The code above showcases the quantization, saving, and subsequent evaluation of the quantized model. This allows you to gauge the performance of the model and how the quantization process impacts the outcome on the sequence classification task.

FAQ

1. Can AutoGPTQ handle only GPT-based models?

While AutoGPTQ was initially designed with GPT-based models in mind, the developers have extended its functionalities to accommodate a wider range of transformer models. This versatility stems from the modular design of the library, allowing it to be adapted for other models.

2. How do I customize AutoGPTQ for my specific use case?

AutoGPTQ allows customization by extending its classes and methods to support your specific needs. You can create custom classes inheriting from the base classes provided by AutoGPTQ and override the necessary methods.

3. Will quantization affect the performance of my model?
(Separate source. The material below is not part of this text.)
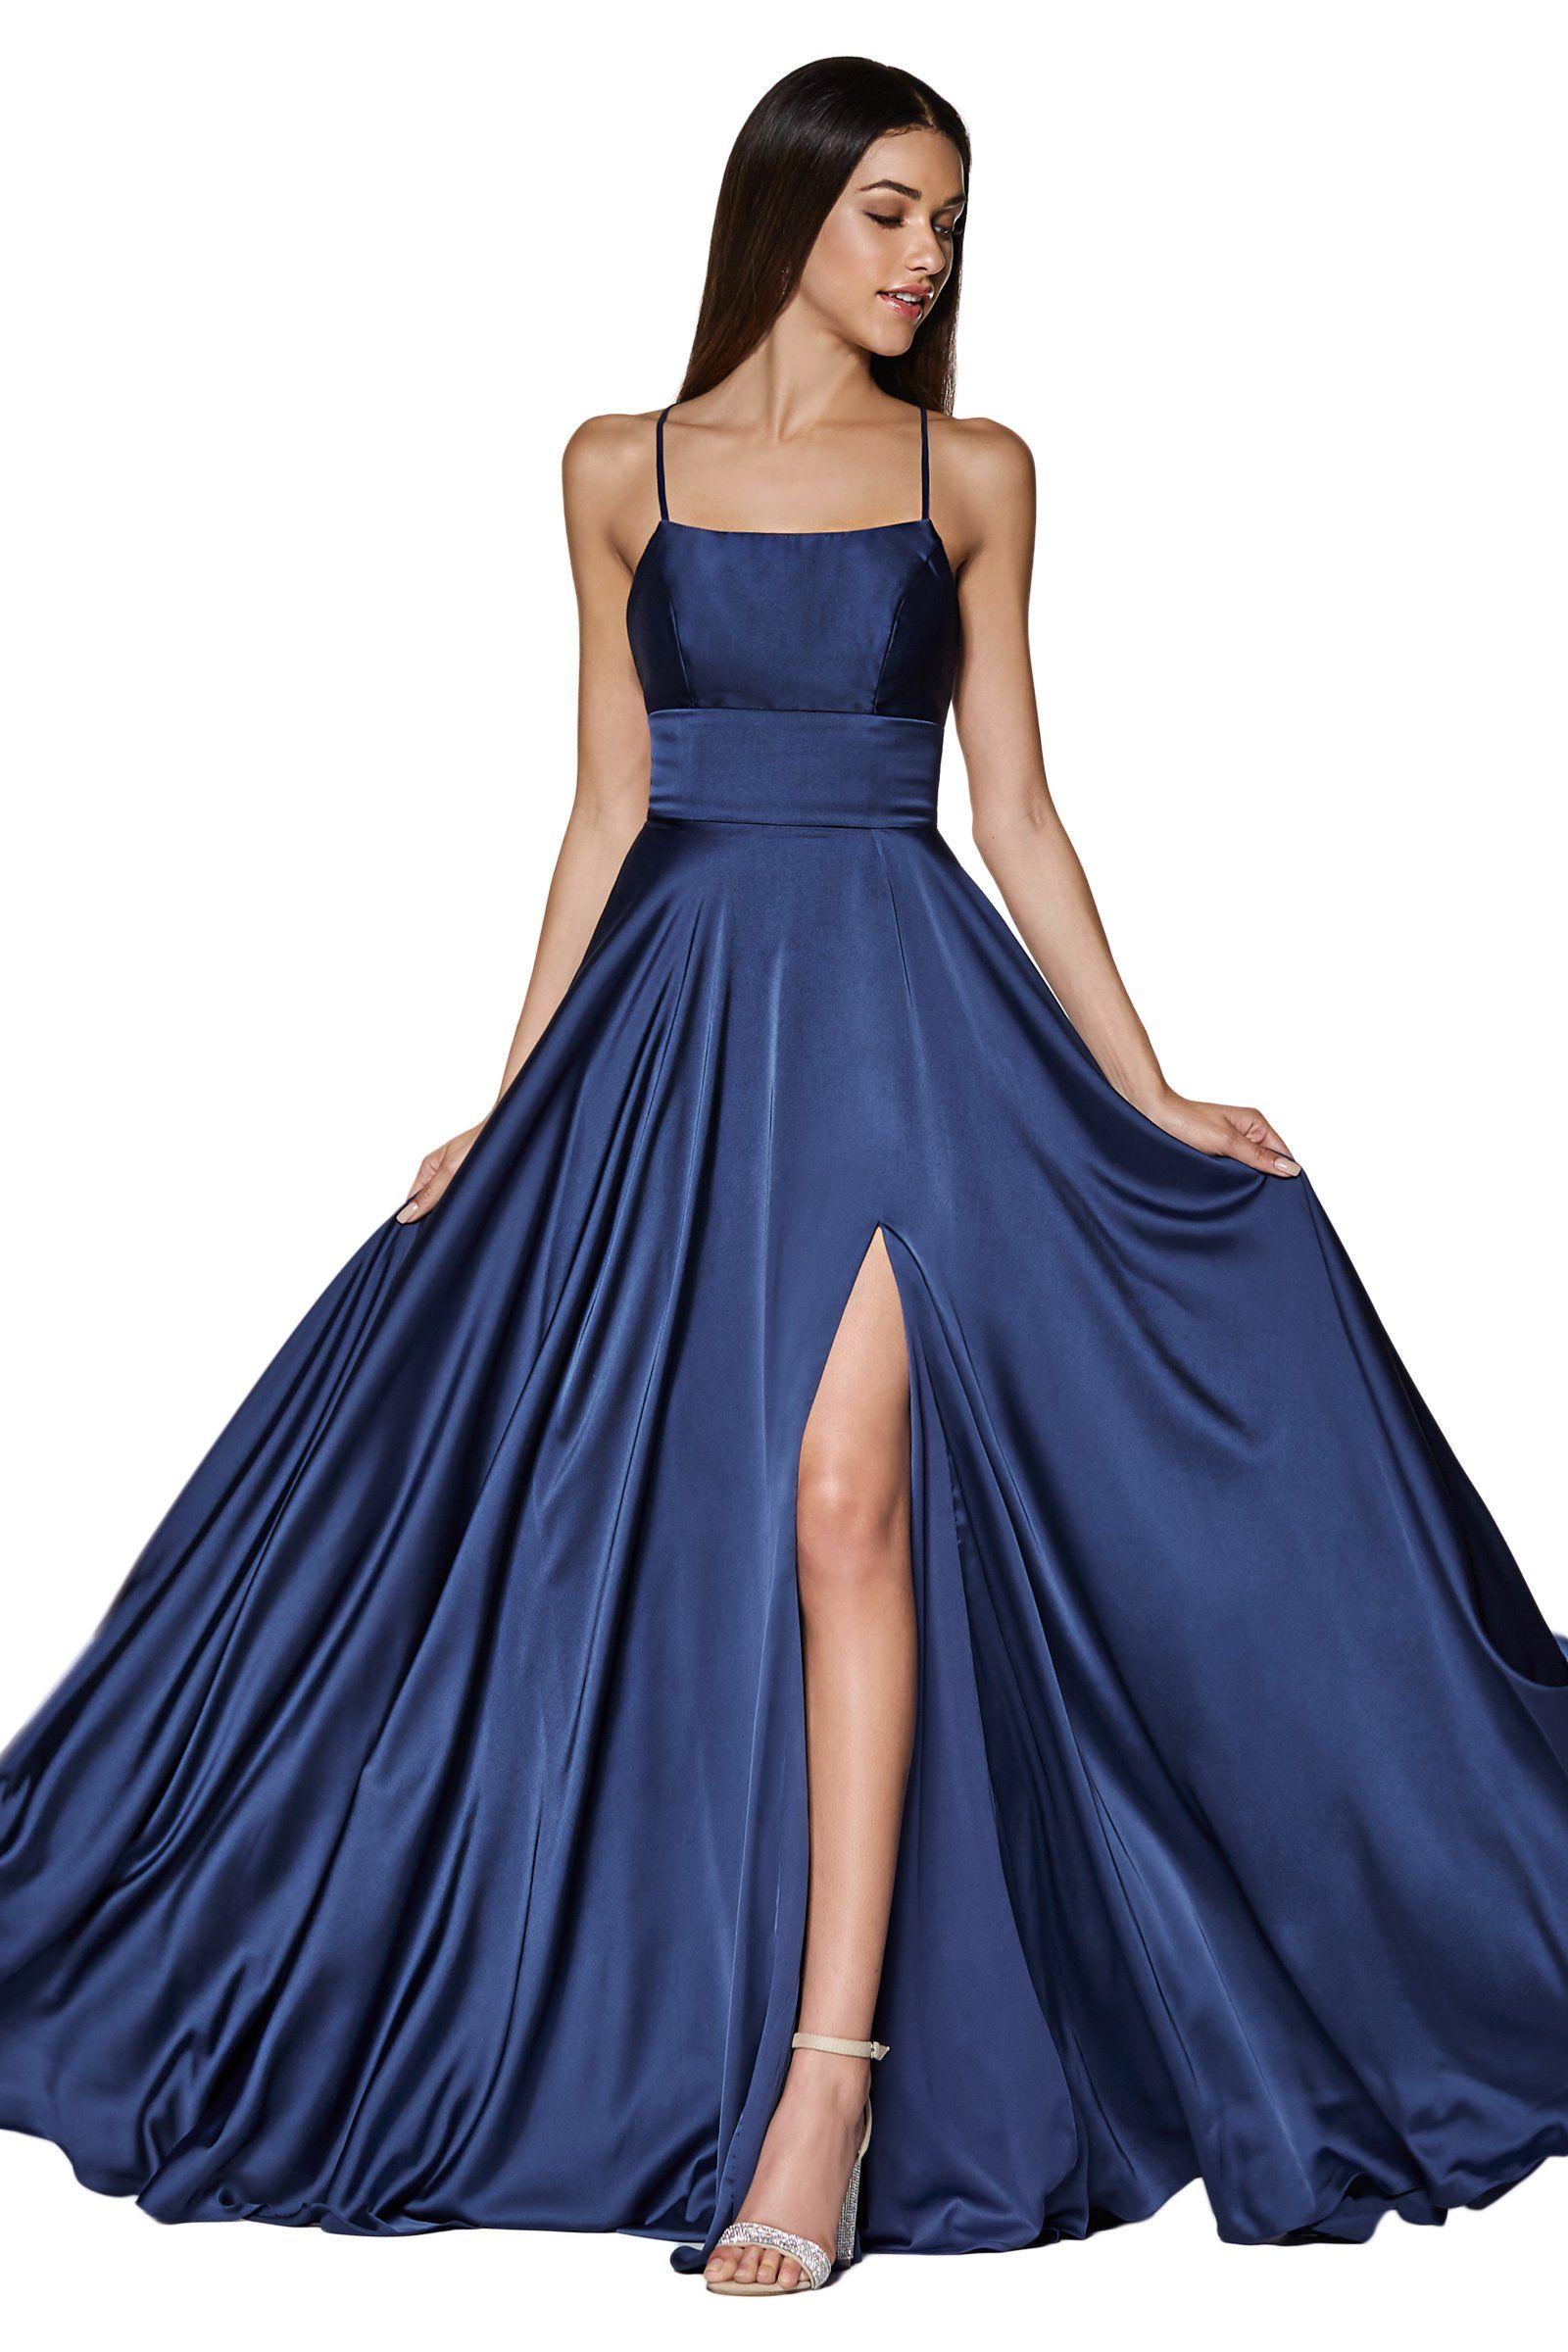 Cinderella Divine Cj527 Long Crisscross Back Satin A Line Dress Stunning Prom Dresses Satin Dress Long Trendy Prom Dresses [ 2400 x 1600 Pixel ]

Quantization does involve a trade-off between model performance and model size or computational efficiency. However, AutoGPTQ aims to minimize this impact. It provides options to evaluate your model on downstream tasks before and after quantization, helping ensure that the performance degradation is acceptable for your use case.

Conclusion

In conclusion, AutoGPTQ provides an effective and efficient way to quantize transformer models while maintaining performance standards on specific tasks. Its user-friendly API and customization capabilities make it a versatile tool for machine learning professionals aiming to optimize their models. Whether you're looking to reduce the storage requirements of your model or improve inference speed, AutoGPTQ can be an essential part of your toolkit.